START Provided material

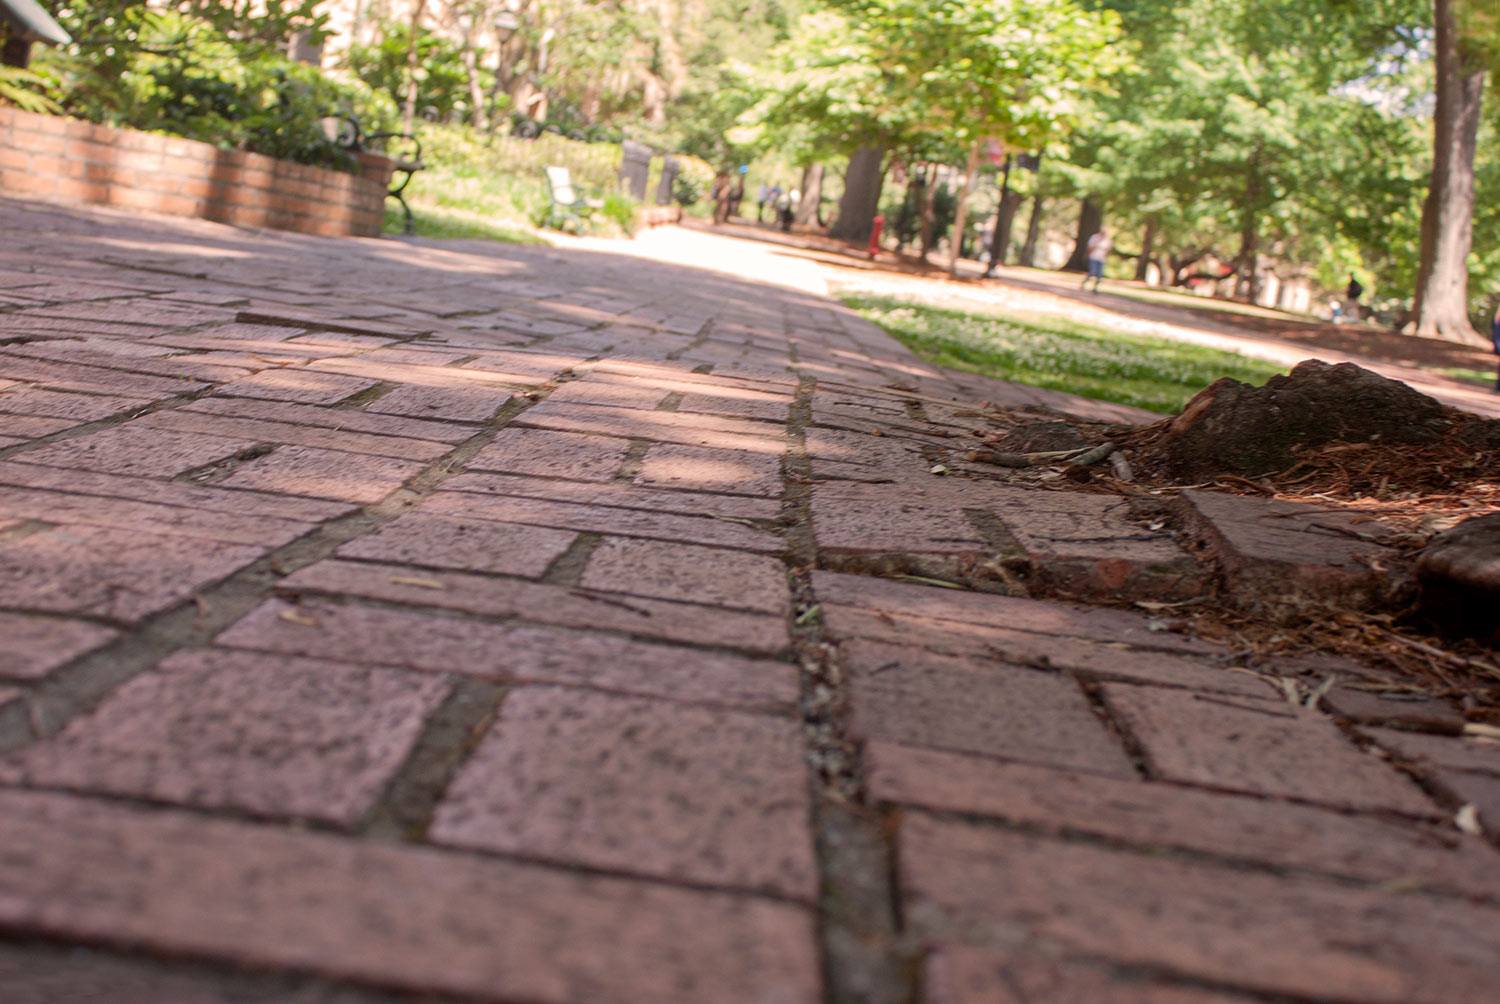 历史悠久的马蹄铁上凹凸不平的砖路。
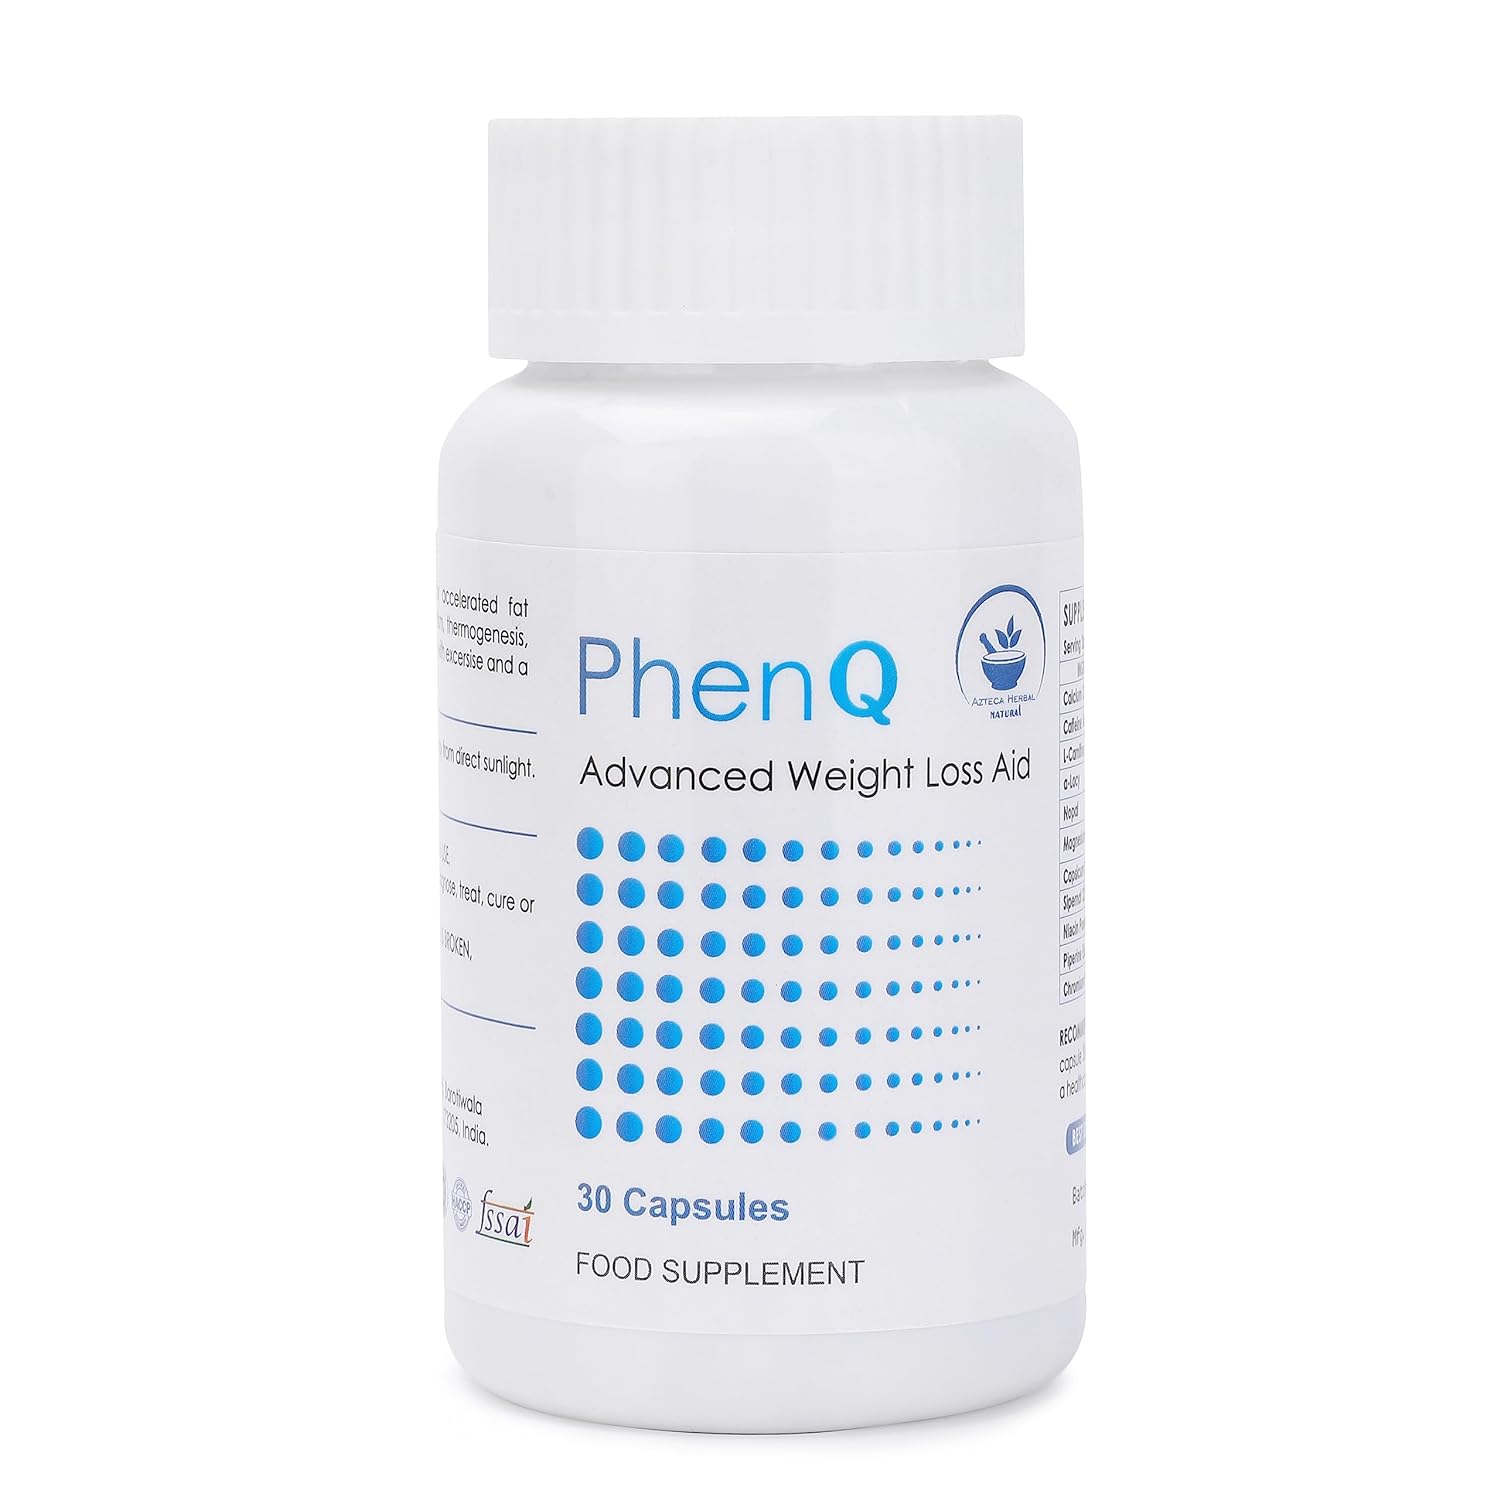 PhenQ avis : une pilule efficace pour perdre du poids
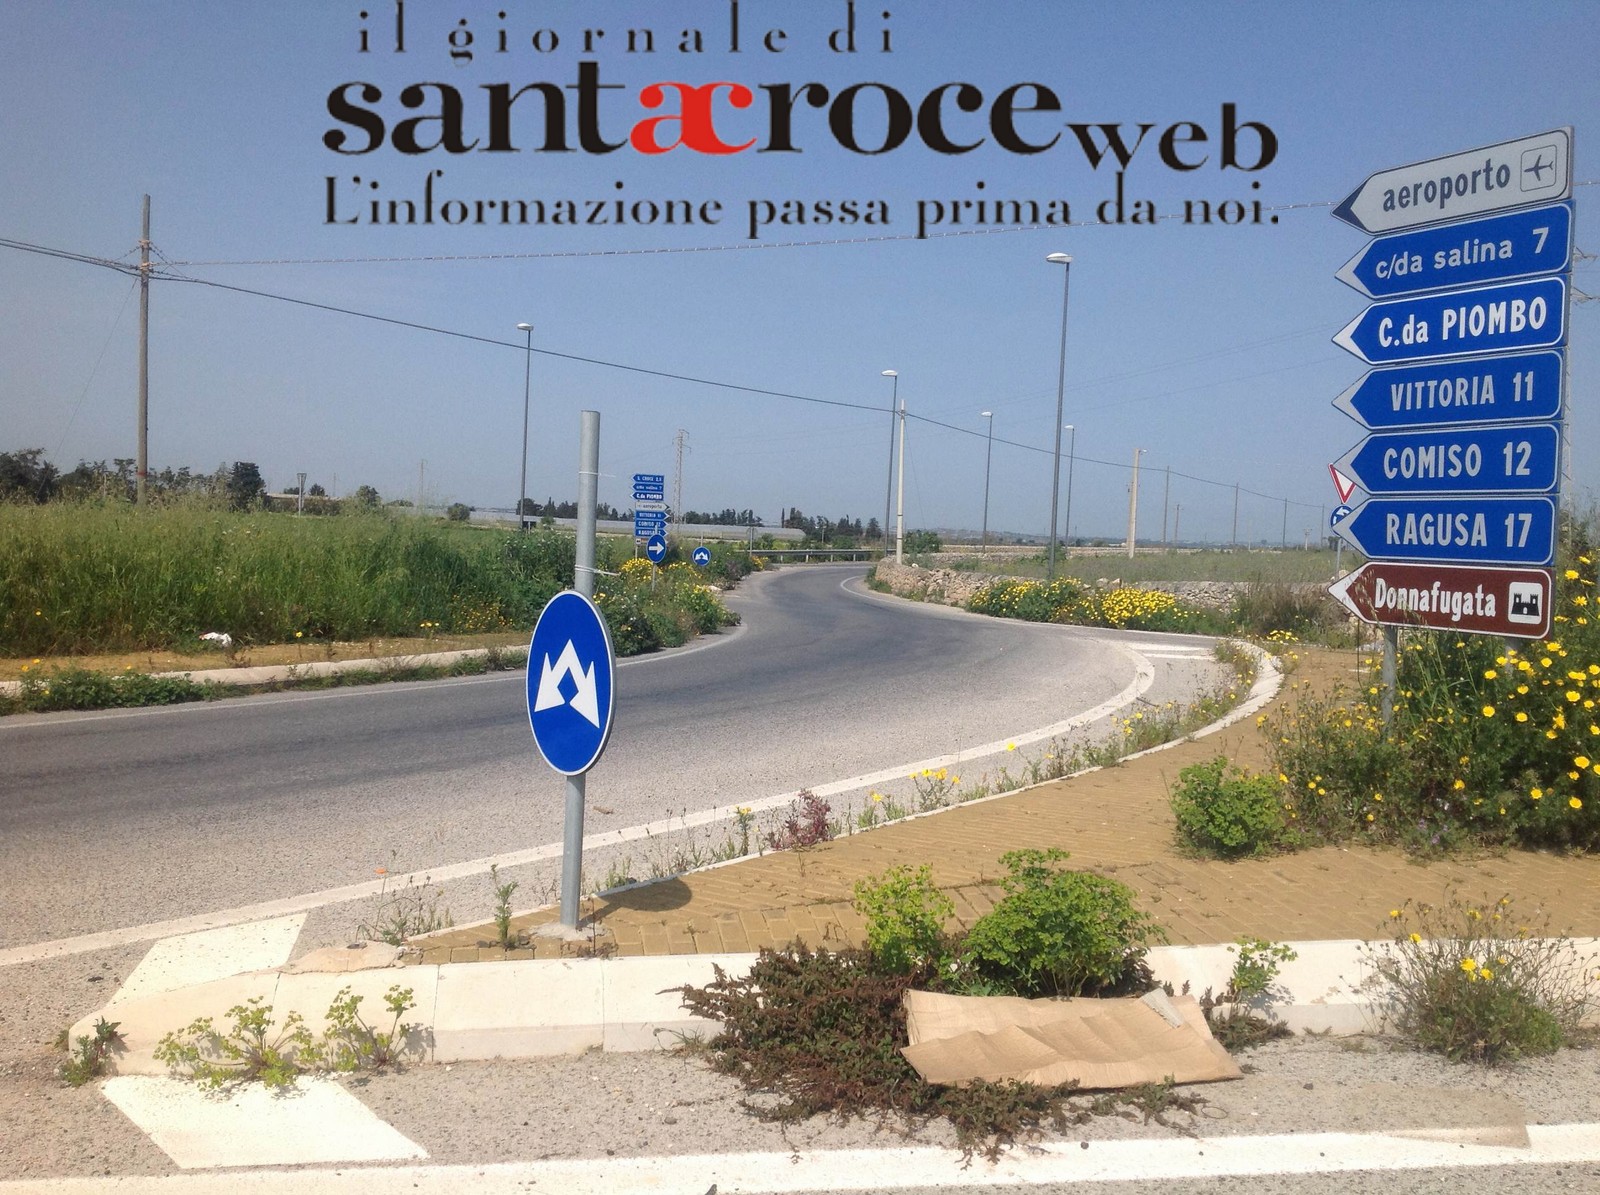  Vegetazione alta due metri nelle rotatorie della Sp S.Croce-Comiso: allarme degli automobilisti FOTO

END Provided material

Problem statement
The required output is the listing above reproduced exactly, pictures removed.

Solution for this exercise
 历史悠久的马蹄铁上凹凸不平的砖路。
 PhenQ avis : une pilule efficace pour perdre du poids
  Vegetazione alta due metri nelle rotatorie della Sp S.Croce-Comiso: allarme degli automobilisti FOTO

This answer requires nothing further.